There has never been an experimental study of whether smoking causes lung cancer—that would be unethical and impractical. But that did not prevent action as the observational evidence became overwhelming. Indeed, calls for perfect evidence and criticisms of the observational data primarily came from the tobacco industry or scientists funded by them. Any study will have limitations, and we should recognise these. But we should also be pragmatic and ensure that we are consistently updating our beliefs and activity as evidence evolves. In many cases, experimental studies are perfectly feasible (e.g., most preclinical research). In other cases, they are necessary (e.g., approval of novel pharmaceutical products or medical devices). However, in some cases, we need to recognise the limits of what is possible and use imperfect data to allow us to move forward, particularly when the risks of doing so are limited or when the change in practice is being introduced anyway (as in the case of the trainee professional development studied by Brandt and colleagues).

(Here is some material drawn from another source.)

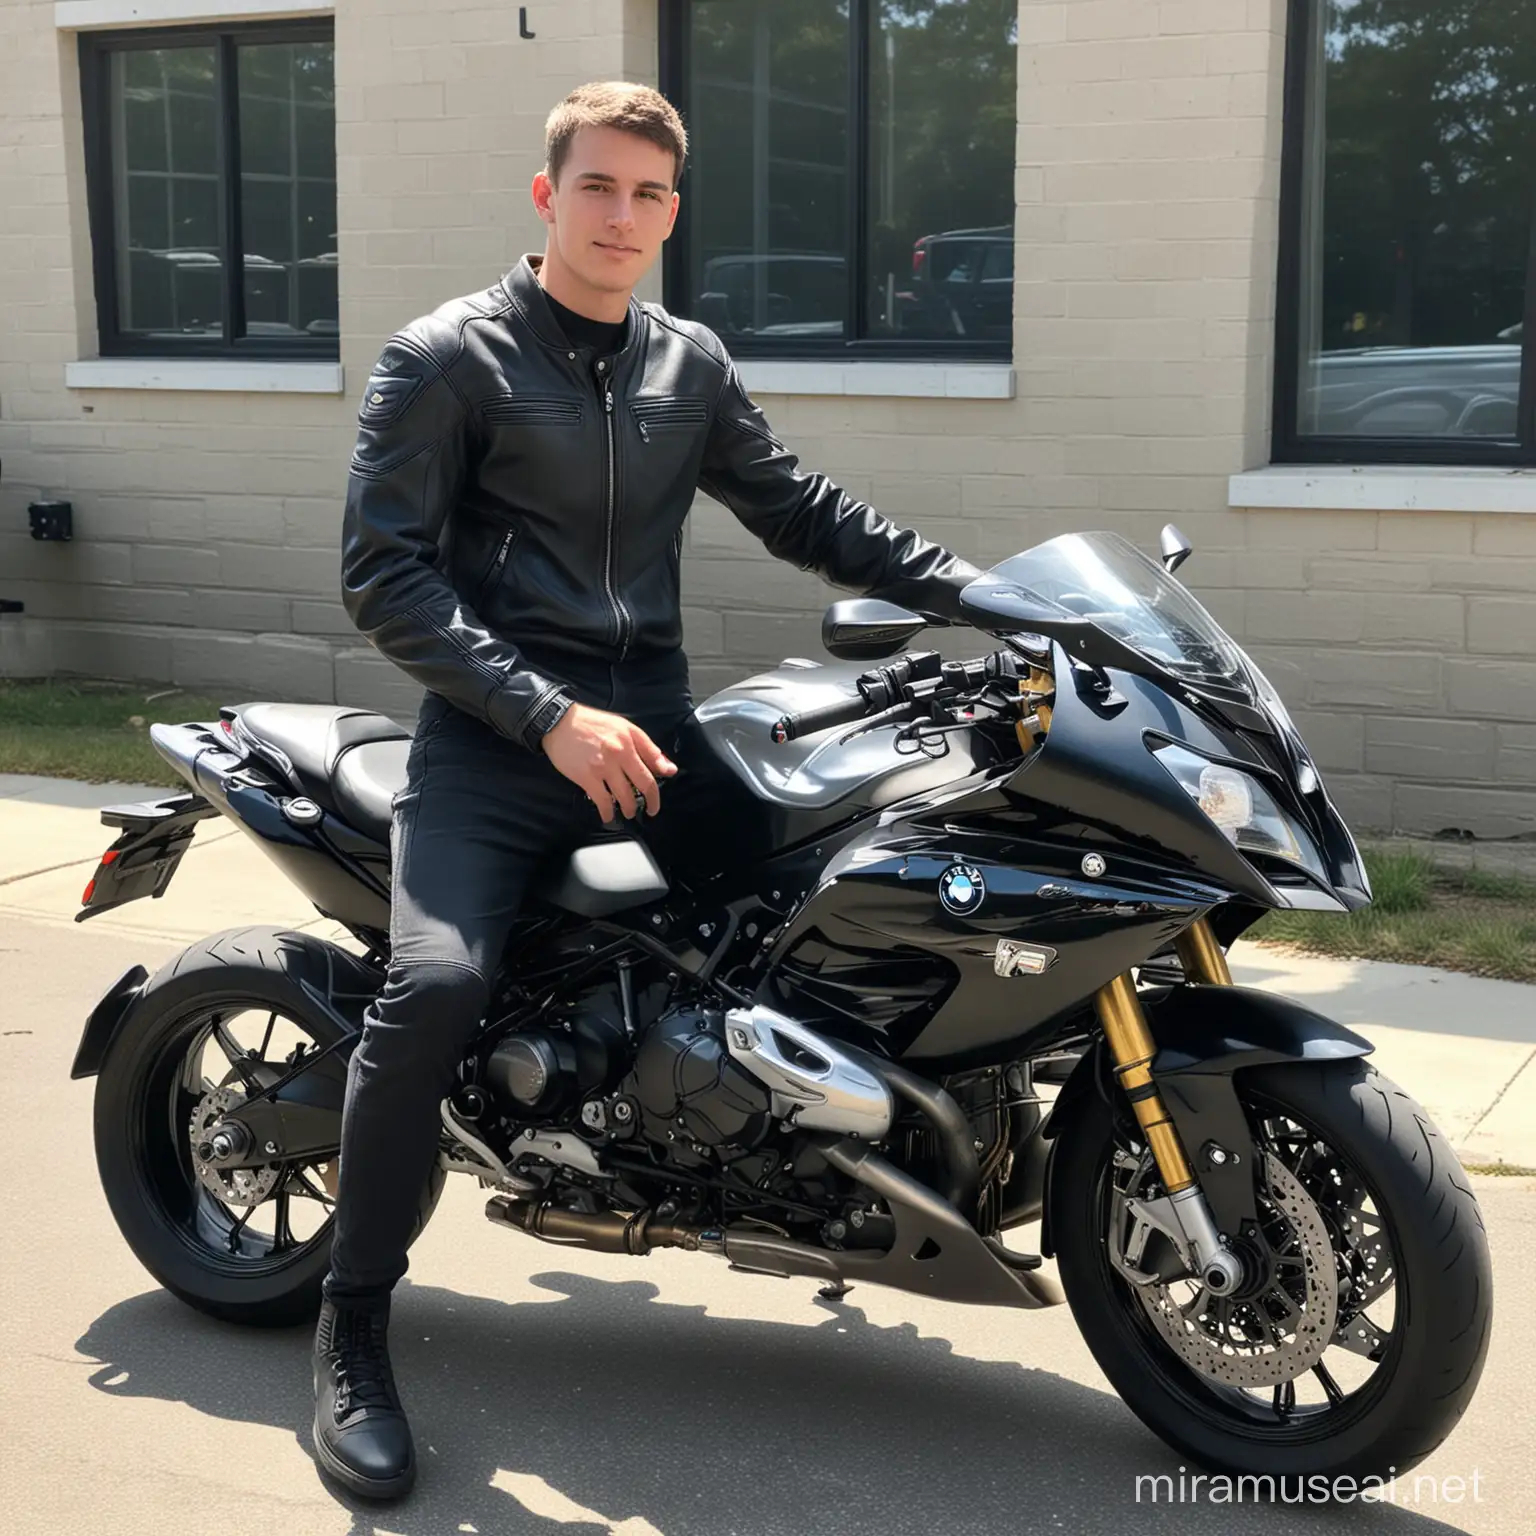 A photo of a young man with short hair sitting on his black BMW S1000 motorcycle, he is wearing all leather and has no helmet, the bike parked at school in Maine during summer break, posted to Snapchat in the style of 2098.

Ultimately, a cluster randomised trial of trainee professional development, where institutions are randomised to deliver this training or not, would provide the most compelling evidence. The study by Brandt and colleagues may serve to motivate such a study and potentially inform its design. But as changes to working practices, incentives, and research culture are introduced across the research ecosystem, we should be collecting the data we can to understand as best as we can the potential impacts—both positive and negative—of these changes.

References

  1. 1. Babbage C. Reflections on the Decline of Science in England, and on Some of its Causes. London: B. Fellowes & J. Booth; 1830.
  2. 2. Ioannidis JPA. Why Most Published Research Findings Are False. PLoS Med. 2005;2:e124. pmid:16060722
  3. 3. Levy KEC, Johns DM. When open data is a Trojan Horse: The weaponization of transparency in science and governance. Big Data Soc. 2016;3:1–6.
  4. 4. Kidwell MC, Lazarević LB, Baranski E, Hardwicke TE, Piechowski S, Falkenberg L-S, et al. Badges to Acknowledge Open Practices: A Simple, Low-Cost, Effective Method for Increasing Transparency. PLoS Biol. 2016;14:e1002456. pmid:27171007
  5. 5. Rowhani-Farid A, Aldcroft A, Barnett AG. Did awarding badges increase data sharing in BMJ Open? A randomized controlled trial. R Soc Open Sci. 2020;7:191818. pmid:32269804
  6. 6. Munafo MR, Davey Smith G. Robust research requires many lines of evidence. Nature. 2018;553:399–401.
  7. 7. Brandt P, Varvayanis SS, Baas T, Bolgioni-Smith A, Alder J, Petrie KA, et al. A cross-institutional analysis of the effects of broadening trainee professional development on research productivity. PLoS Biol. 2021;19:e3000956.